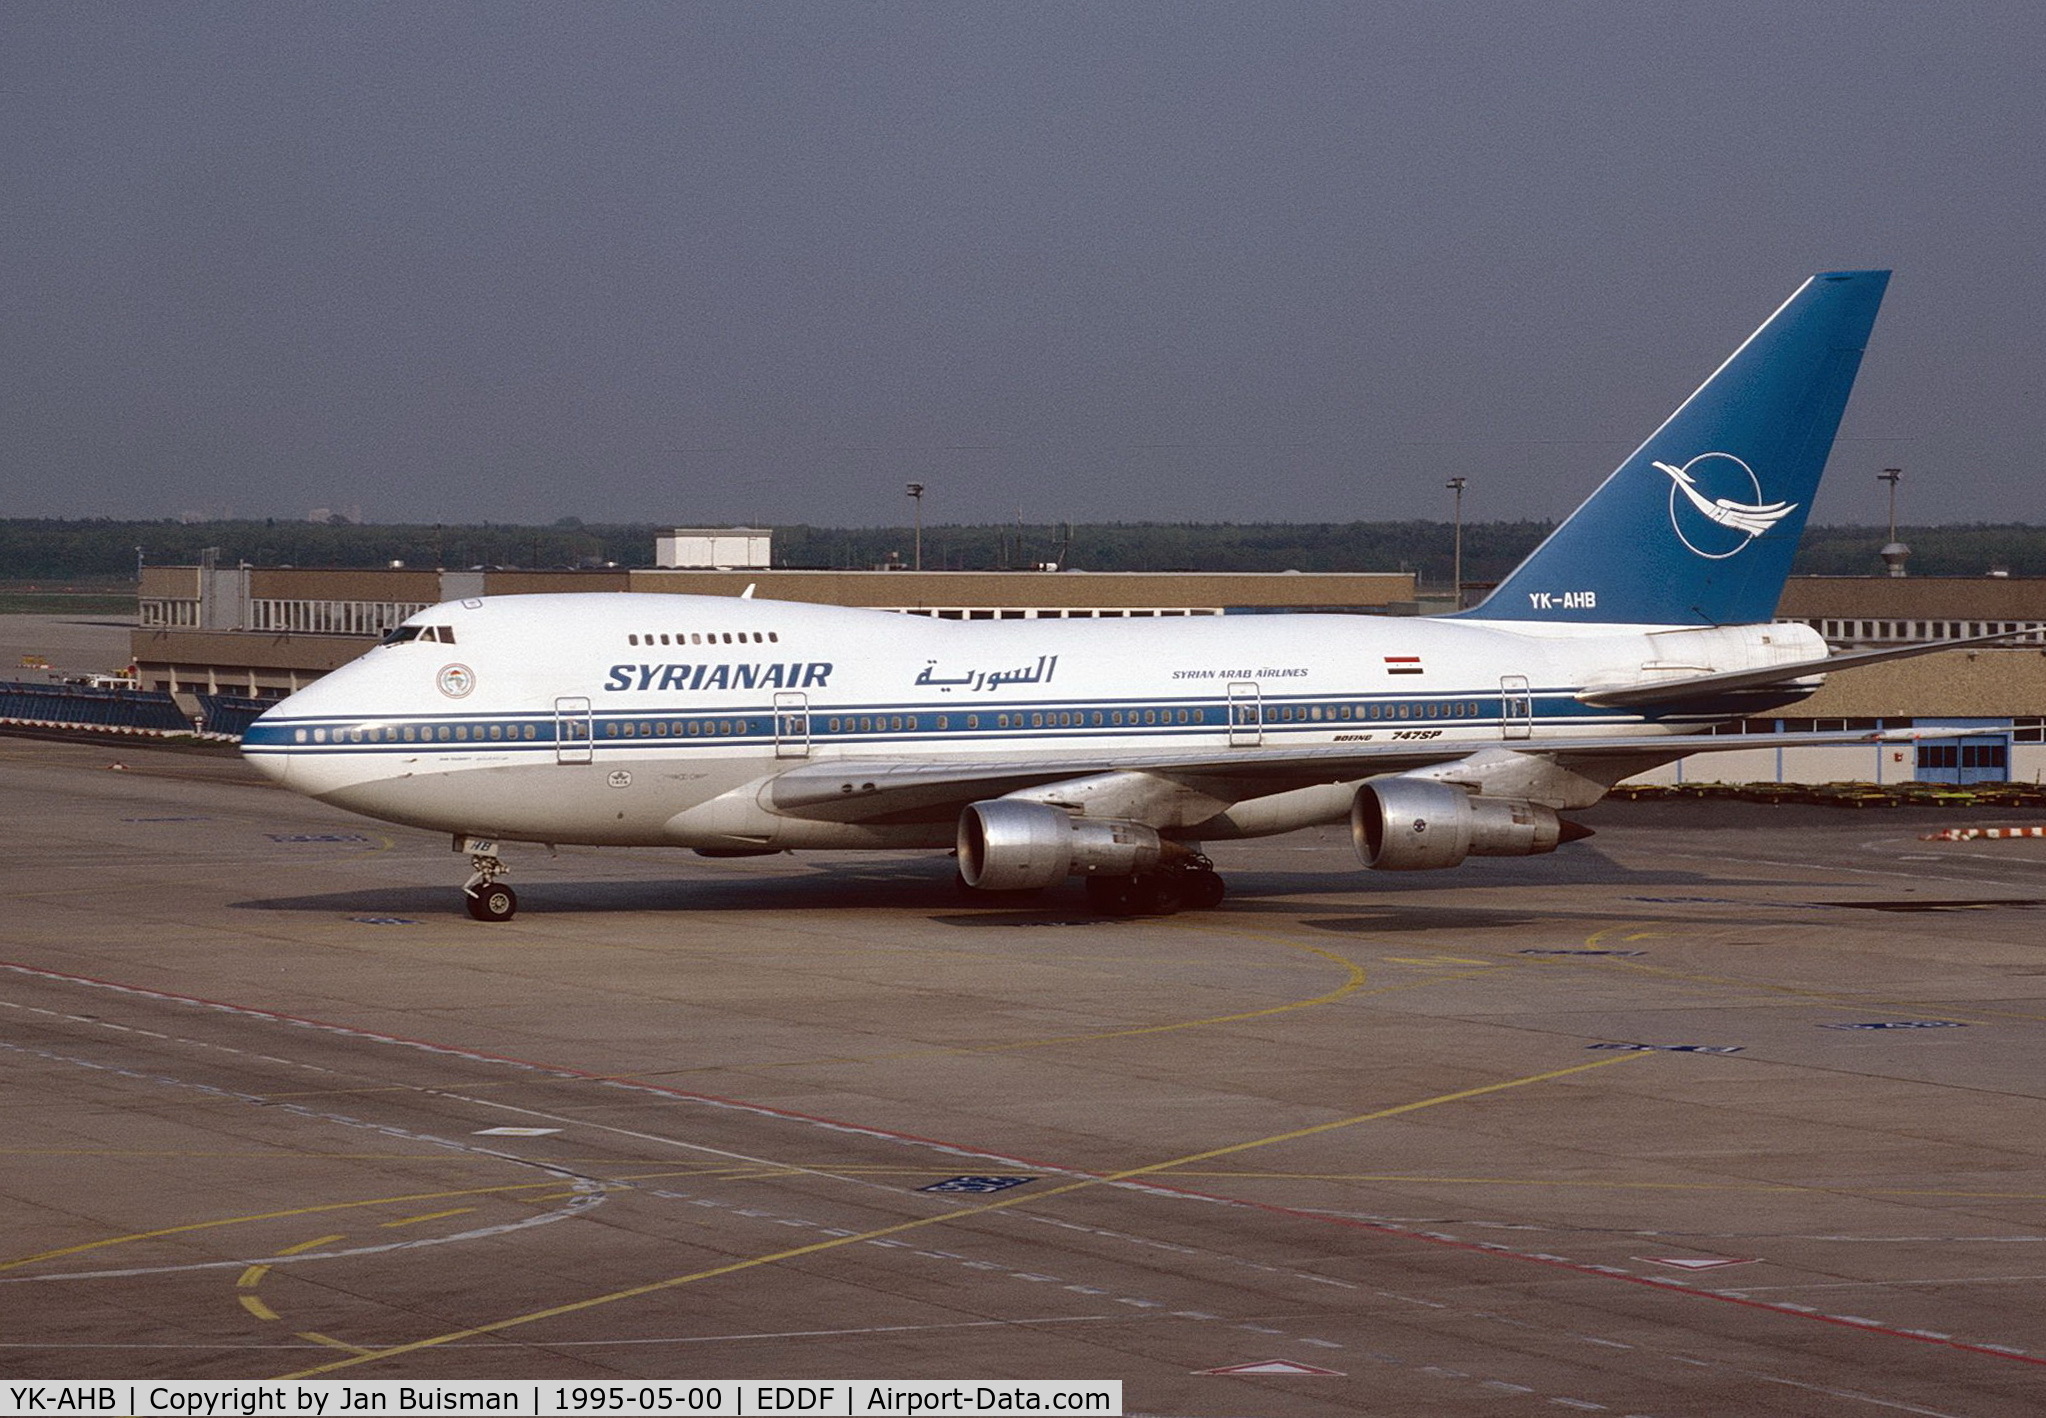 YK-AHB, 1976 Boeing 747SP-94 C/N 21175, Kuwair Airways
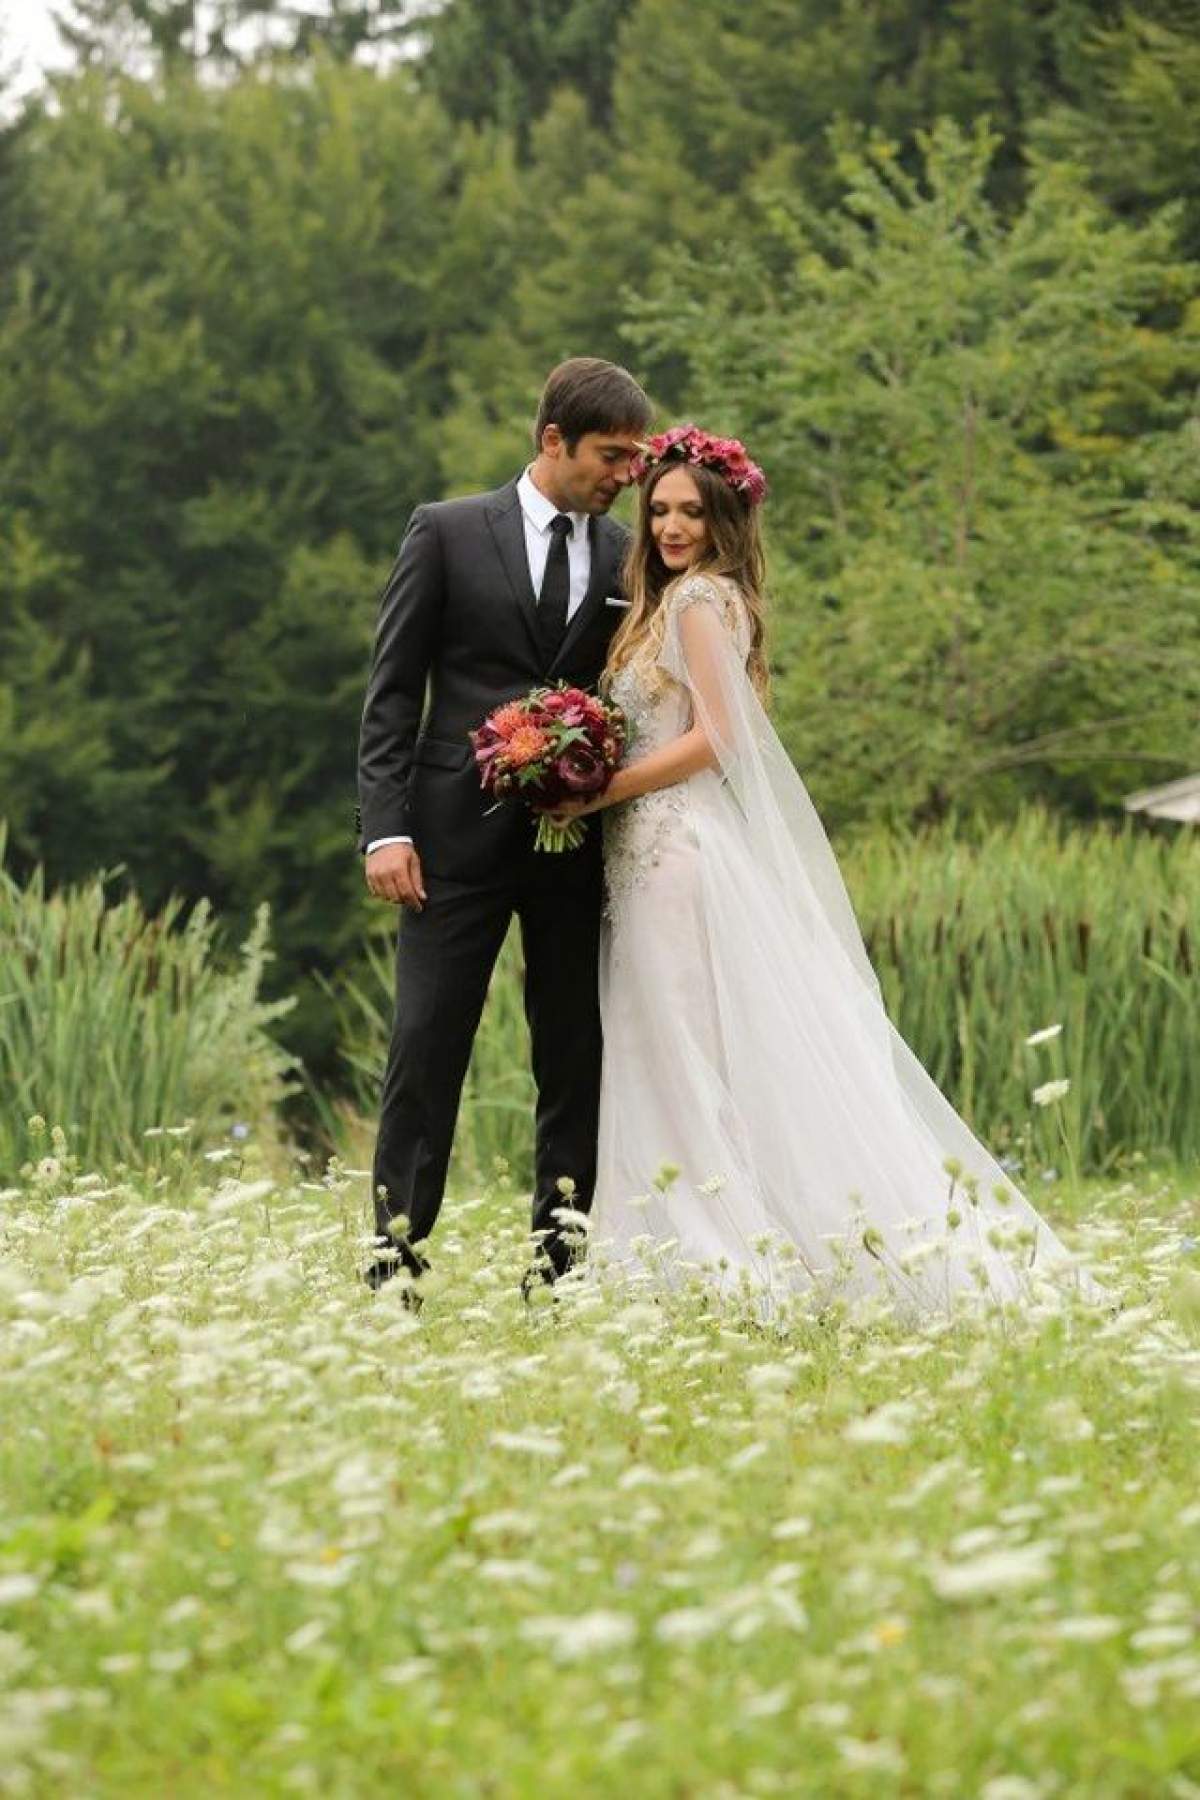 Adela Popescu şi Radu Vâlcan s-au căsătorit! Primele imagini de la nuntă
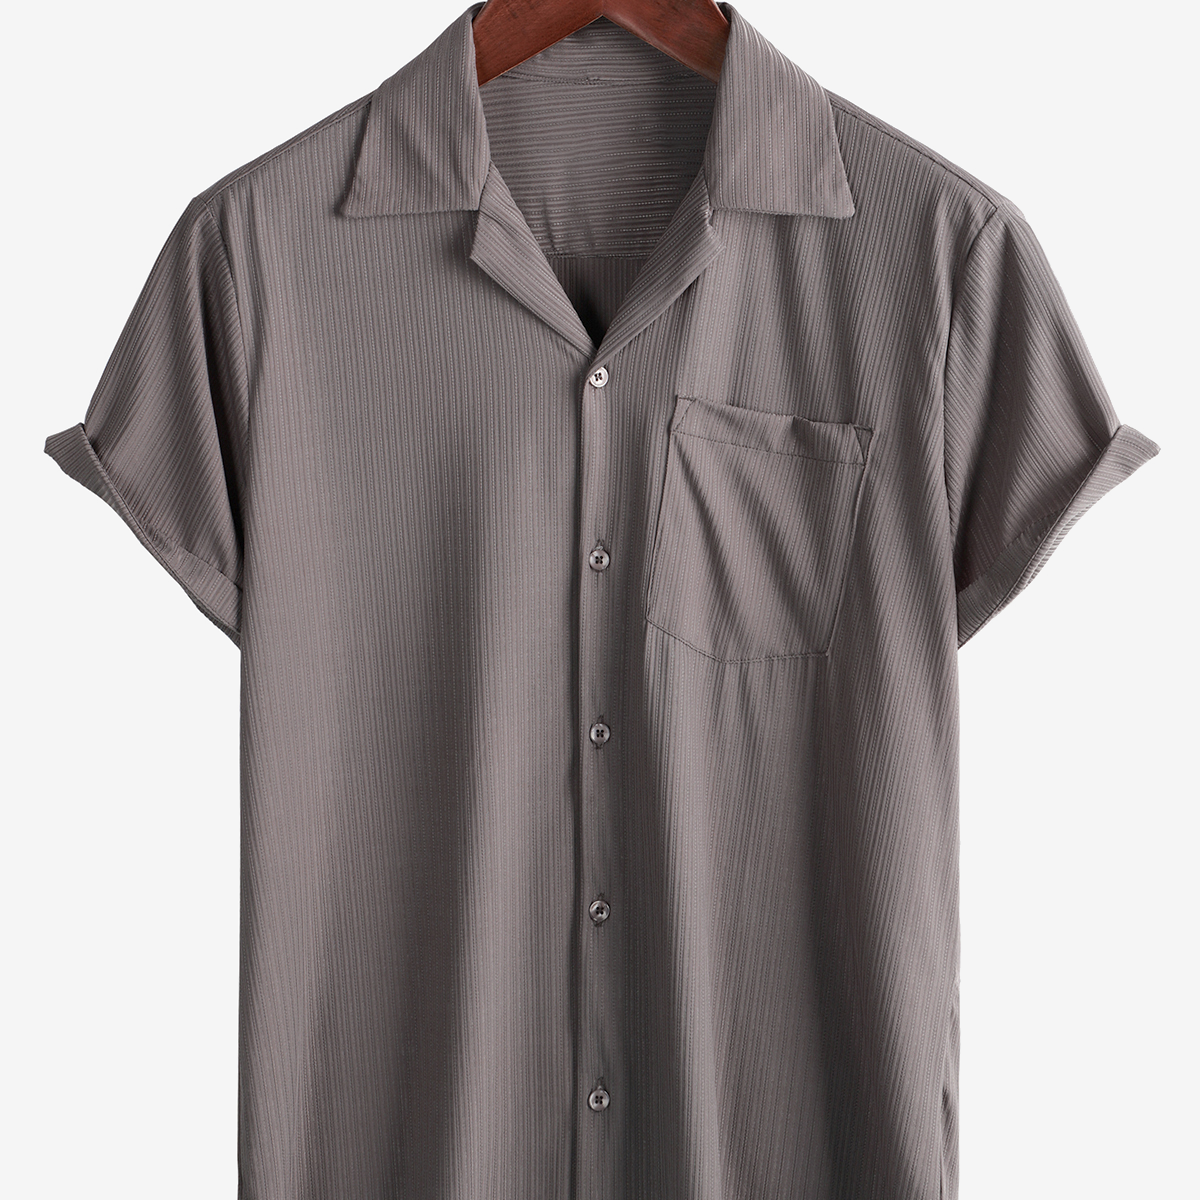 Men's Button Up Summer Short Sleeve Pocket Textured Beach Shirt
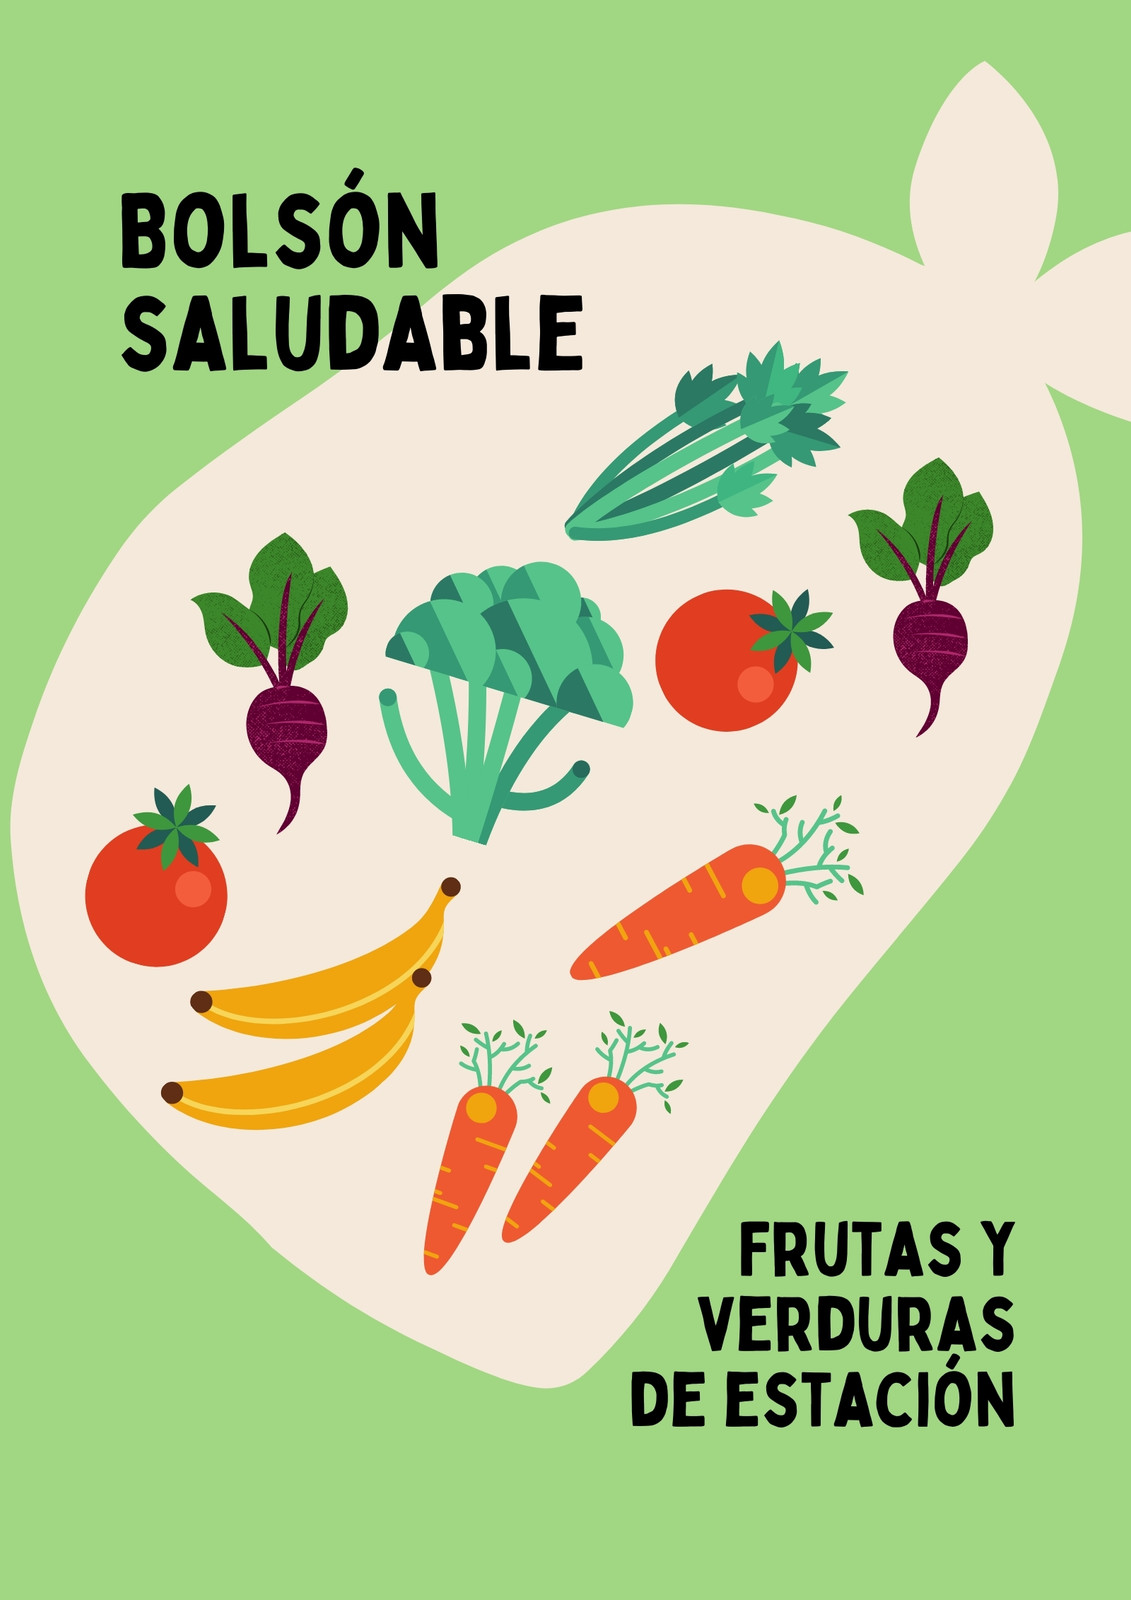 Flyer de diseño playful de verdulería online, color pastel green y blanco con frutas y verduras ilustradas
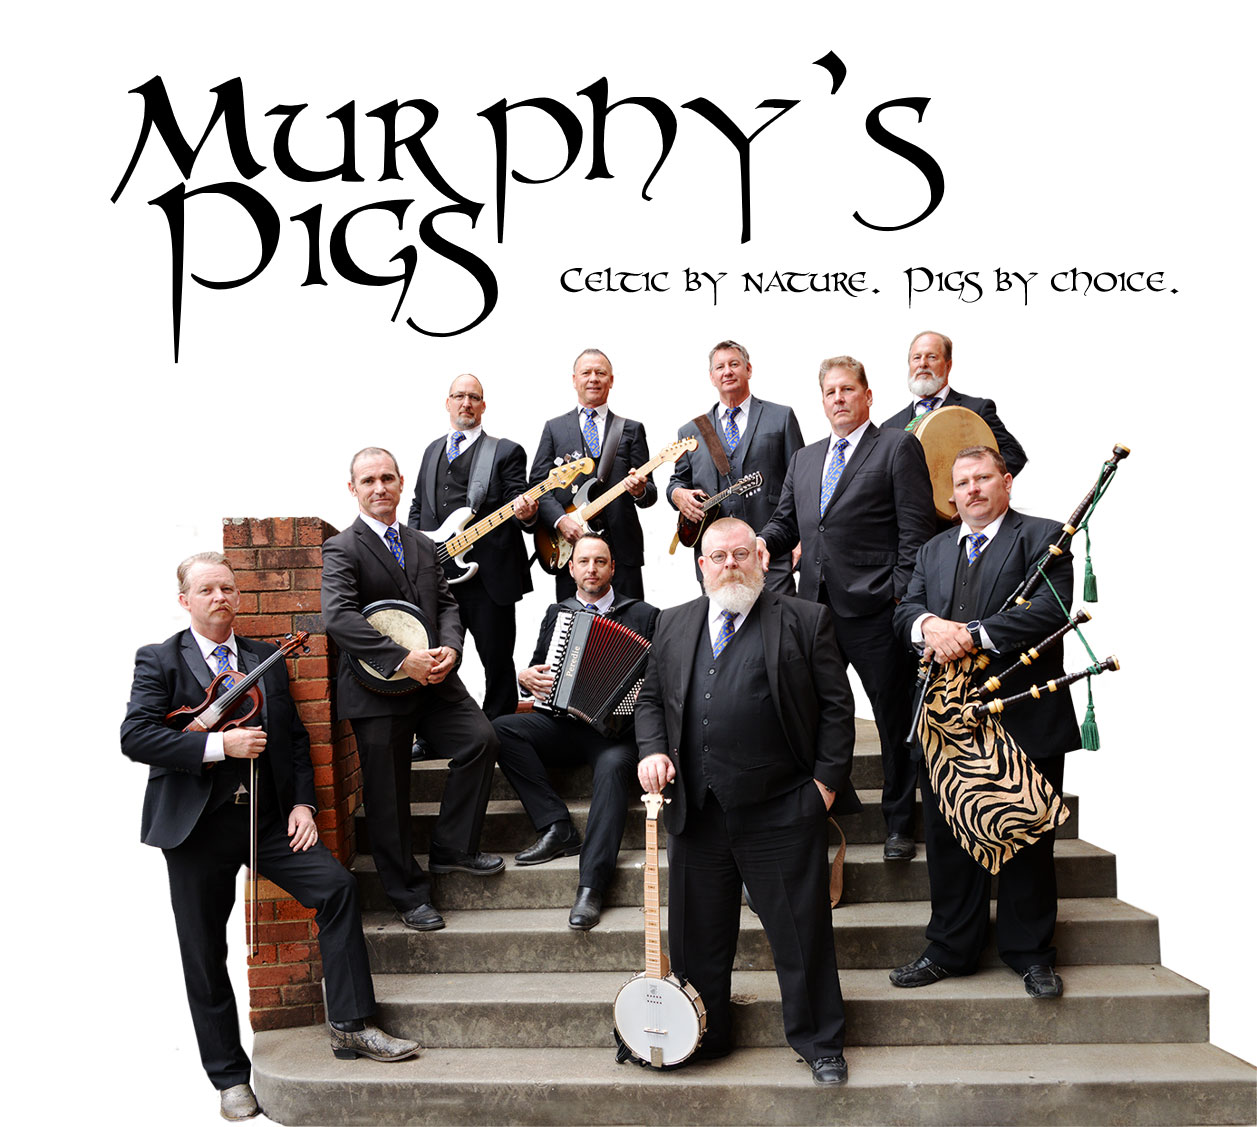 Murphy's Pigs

> [Work to be completed]: Retype the data above in full, exactly as it stands, and skip any image.

> [Answer for the task]:
 YK-AHB, 1976 Boeing 747SP-94 C/N 21175, Kuwair Airways
 Adela Popescu şi Radu Vâlcan s-au căsătorit! Primele imagini de la nuntă
 Men's Button Up Summer Short Sleeve Pocket Textured Beach Shirt
 Flyer de diseño playful de verdulería online, color pastel green y blanco con frutas y verduras ilustradas
 Murphy's Pigs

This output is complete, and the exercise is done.